Running the application

We can test the application from within a browser, but that will involve a bit of fiddling around with the developer console and more clicks than necessary.

Instead, let’s use a command-line utility called curl (“client URL”).

If you have a Mac or Linux machine, curl is probably already available to you. If you have Windows, perhaps the easiest way to access it is by downloading the Git Bash shell that contains curl and a wealth of other useful Linux tools. There's even a native Bash shell for Windows—see https://msdn.microsoft.com/en-us/commandline/wsl/about. It’s handy to have around even if you don’t use Git. Another alternative (although, in my opinion, a more bloated alternative) is Cygwin.

You can download Git Bash at https://git-for-windows.github.io/.

Displaying all cities

Open two shell windows.

Run the application in the first shell by executing go run *.go in the same folder as your application modules, as in Figure 24.

Figure 23: Running the Application

Next, enter the following command in the second shell window:

curl -i localhost:8999/city

The -i flag instructs curl to include the HTTP header.

You should see a JSON representation of every city in the City table, as shown in Figure 25.

Figure 24: Requesting All Cities

Displaying a specific city

With the application still running in the first shell window, enter the following in the second shell window:

curl -i localhost:8999/city/1028

You should see details for the city with the ID of 1028—namely, Hyderabad in India. Enter some random city IDs and see which cities are referenced.

Figure 25: Requesting a Specific City by ID

Adding a city

In the second shell window, enter the following:

curl -H "Content-Type: application/json" -d '{"name":"Whoville", "country":"ITA", "district":"XXX", "pop":1}' http://localhost:8999/cityadd

Tip: Take care when entering the JSON object that represents the new city. JSON is simple, but it is not forgiving if you forget to close quotes or braces, or if you put quotes (that denote the string data type) around a value that is expected to be an integer.

The record should be added to the database and you should receive the new record ID in the response, as in Figure 27.

Figure 26: Adding a New City

In the previous example, the ID of my recently added record is 4093. Yours is probably different. Rather than query the database again manually in order to see if the new record exists, you can simply use the following:

curl -i localhost:8999/city/4093

However, take care to replace 4093 with whatever ID was assigned when you added the city.

Figure 27: Verification—New City Added to the Database

Deleting a city

In order to delete a city, you use a syntax similar to your search for a city by ID. Try using the same city ID that you just added to the database. For example:

curl -i localhost:8999/citydel/4093

If everything proceeds according to plan, you should get a DBUpdate object encoded as JSON, which shows that a single row is affected, as in Figure 29.

Figure 28: Deleting a City

Congratulations! You have just written your first “real” web service using Go.

Of course, this is far from perfect, and if you were planning to put it into production, you would probably want to do a fair bit of refactoring, implement better error handling, and so on.

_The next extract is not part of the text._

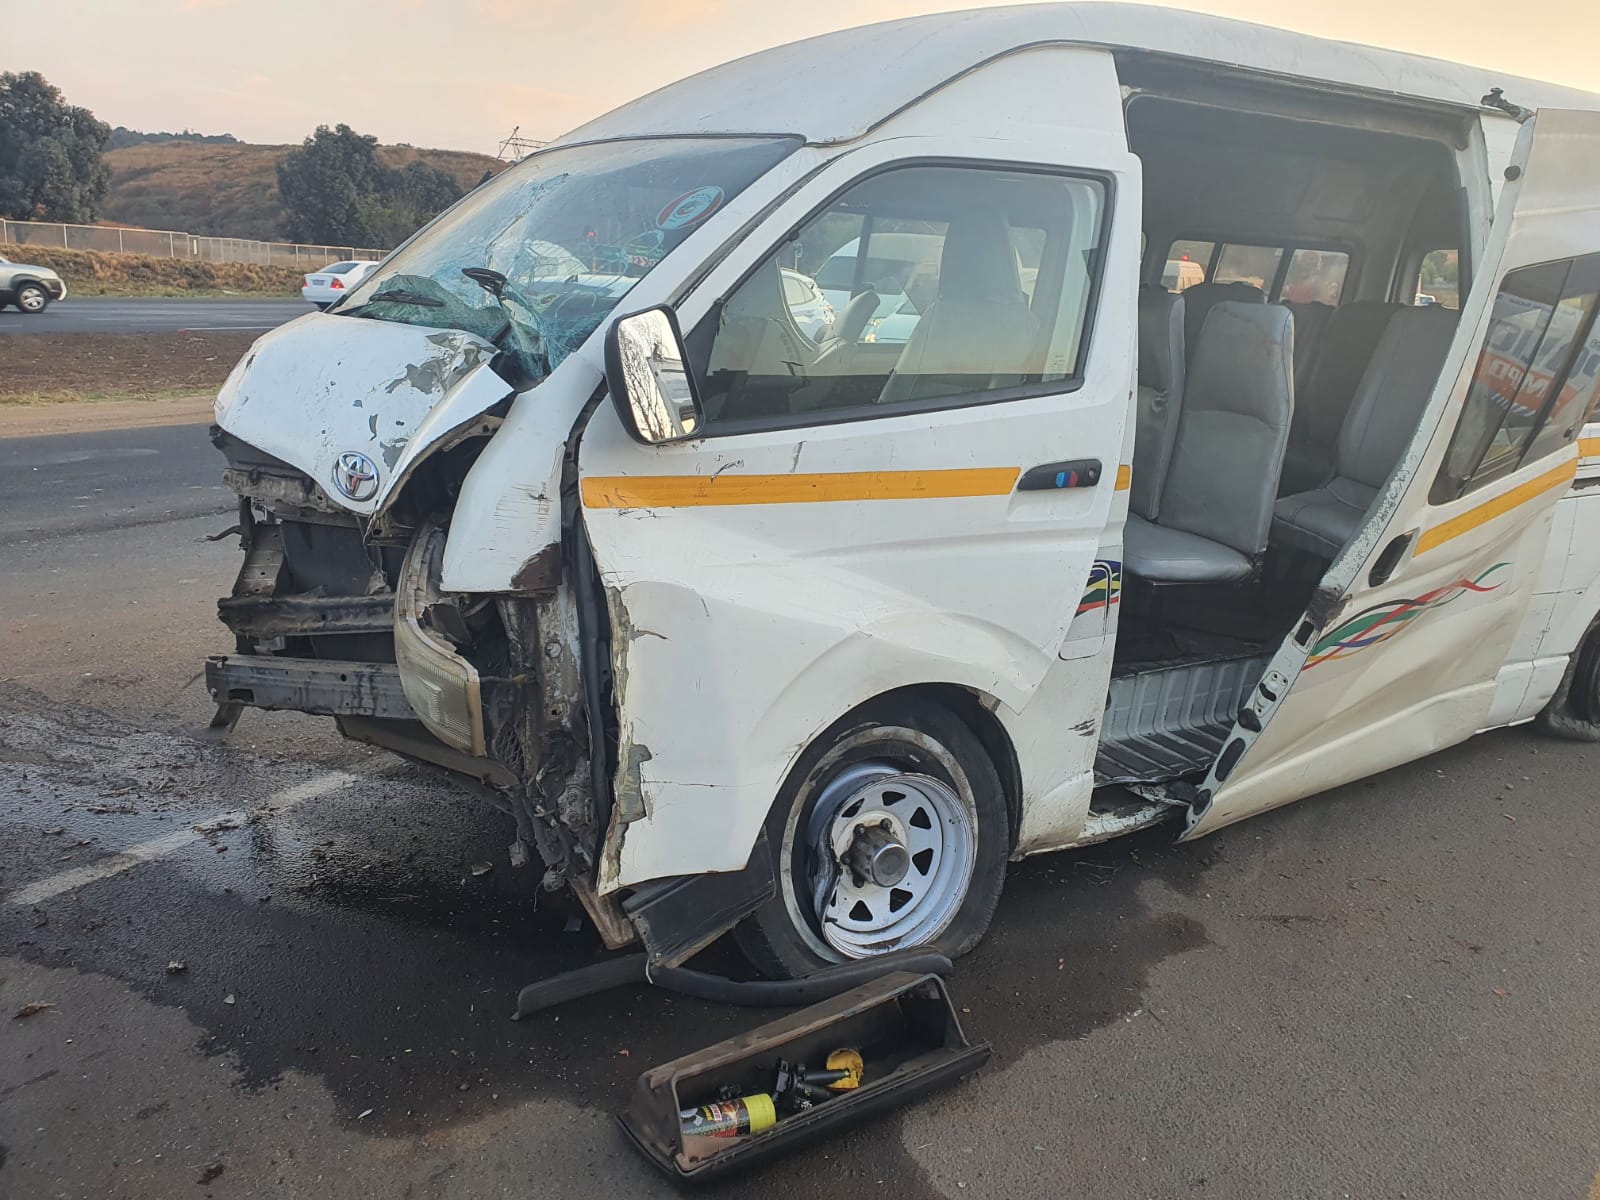 Several injured in a collision, Kempton Park

However, the point of all this is to emphasize that Go is an excellent language for working on this type of application. I’ve done similar work in other languages, including Node.js and Ruby, and I am much happier working in Go. Everything seems more tidy and better thought out, in my humble opinion.

Challenge step

If you’re up for a challenge, try to implement update functionality in the application—that is, to put the U back into CRUD!

For starters, allow the client to submit a JSON city object that will first delete the existing record (if there is a matching city ID), then add a new one and report success (or otherwise) in JSON format, too.

Next, allow the client to submit some partial JSON along with the ID, then simply update an existing record based on the fields that have changed. For example, the client might submit the following:

{"id":4088,"name":"Whereville”,pop":2}

This will only update the Name and Population fields in the City table.